*** Provided data Section Begins ***

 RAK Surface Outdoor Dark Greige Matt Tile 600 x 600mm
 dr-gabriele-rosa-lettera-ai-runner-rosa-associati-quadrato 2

*** Provided data Section Ends ***
*** Provided data Section Begins ***

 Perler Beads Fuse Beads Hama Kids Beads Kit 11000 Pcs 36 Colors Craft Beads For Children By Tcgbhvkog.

*** Provided data Section Ends ***
*** Provided data Section Begins ***

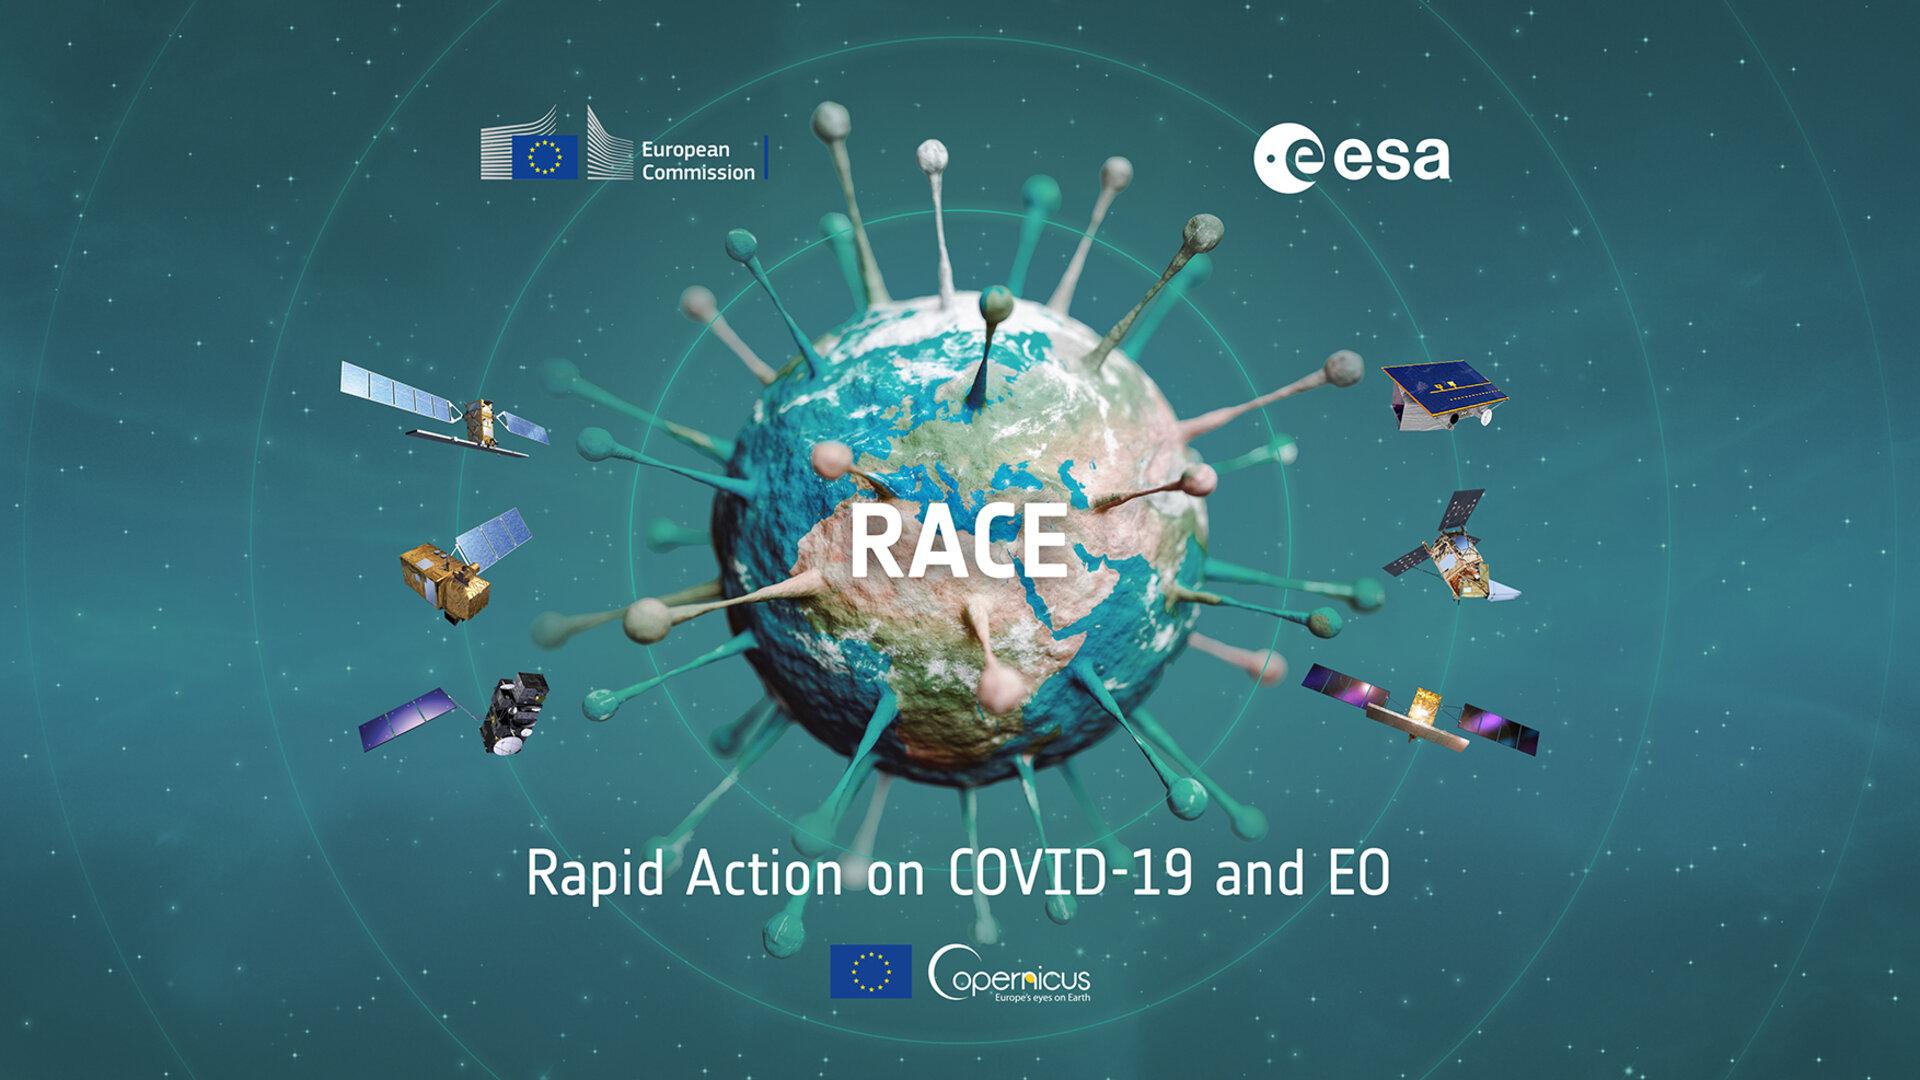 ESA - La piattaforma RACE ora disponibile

*** Provided data Section Ends ***

[What the task requires]:
Reproduce, word for word and in full, only the lines above that start at the line with "RAK Surface Outdoor" and run through the line with "dr-gabriele-rosa-lettera-ai-runner-rosa-associati-quadrato 2", both ends included.

[Solved exercise]:
 RAK Surface Outdoor Dark Greige Matt Tile 600 x 600mm
 dr-gabriele-rosa-lettera-ai-runner-rosa-associati-quadrato 2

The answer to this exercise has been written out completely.